Değerli Okur;
Bu yazımda Suriyeli bir çocuğun okulunda yazdığı bir hikayeciği sizlerle paylaşmak istiyorum.

Bu arkadaşımız 2011 yılında çıkan isyanlar sonrasında, ailesiyle birlikte Türkiye’ye gelmek zorunda kalarak hayatına burada devam etmektedir. İlk geldiği zamanlarda konuşma zorluğu çekerken, şimdilerde sınıfından sadece kendisinin, okulun kitapçığına bir hikâye yazacak kadar güzel yazı yazmakta ve aynı zamanda çok güzel Türkçe konuşmaktadır.
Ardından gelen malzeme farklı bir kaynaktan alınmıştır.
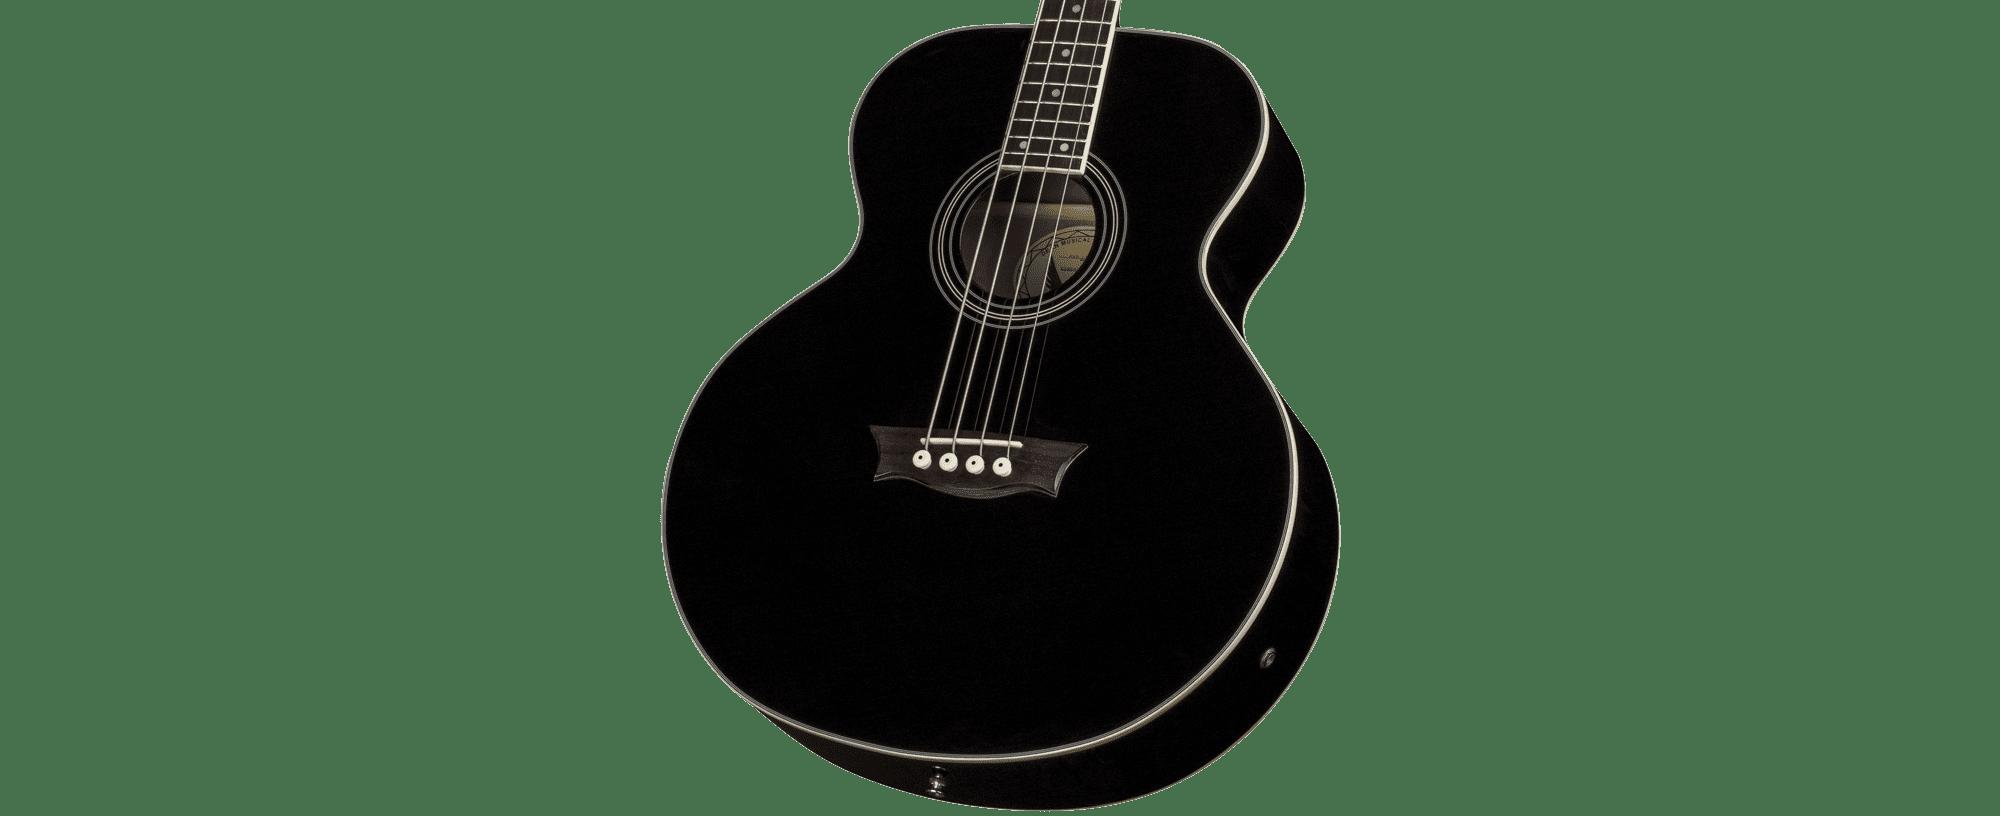 Dean Bass Guitar Wiring Diagram Acoustic Electric Classic Black Guitars Image
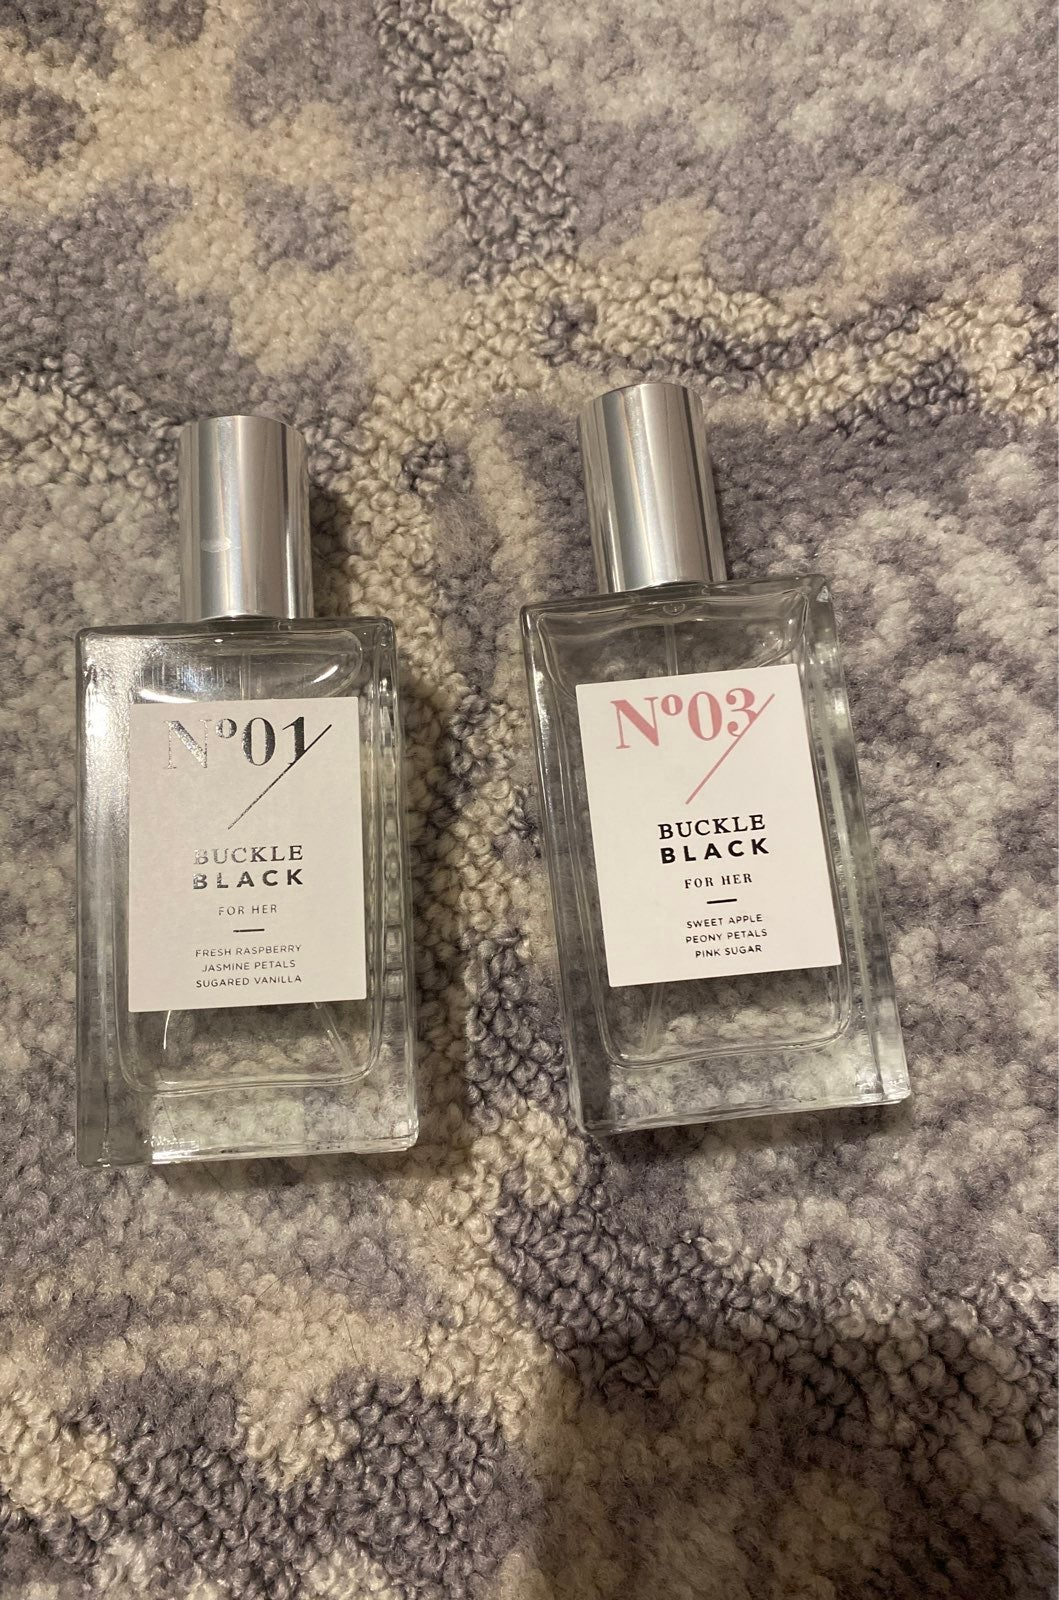 Buckle perfume

Bu güzel çocuğumuz bir cuma günü evinde otururken Cuma namazında olan babasının çok yakınında bir bomba patlar. Cami eve de çok yakın olduğu için patlama sesi ve şiddeti ev ahalisi tarafından da hissedilir. Zannediyorum bu sebeptendir ki, güzel yürekli çocuğumuz Türkiye’ye geldiklerinde çok az konuşur. Daha 4-5 yaşlarındaki bu çocuğun içinde kalan o kadar çok şey vardır ki …

Aşağıdaki hikayeciği okumadan, kendisi hakkında ki bu küçük girizgahı yapmak istedim. Okurken bir çocuğun diline düğümlenen onca sözden sadece bu tatlı anının yazılmış olması beni çok etkiledi.

Şam’da Kar

Şam’da iken yaşadığım bir anım vardı. Şimdi size bu anımı anlatacağım.

Şam’da iken lapa lapa kar yağıyordu. Hemen ben, küçük ablam Maria, babam ve arkadaşı Gassan hepimiz hazırlandık. Sonra da bahçeye indik ve kartopu oynadık. Kardan adam yaptık. Kardan adam çok farklıydı. Sadece ayakta duran biri gibiydi. Onunla birkaç fotoğraf çekildik. Ardından kar oyunları oynadık ama kızak kaymadık. Daha sonra tekrar fotoğraf çekildik. Kar oyunları oynarken birden büyük ablam Maria düştü. Hepimiz ablam Maria’ya çok güldük.

                O gün çok eğlenmiştik. Şam’da ki eğlenceli günlerimi çok özlüyorum. Suriye’de ki savaş umarım bir an önce biter.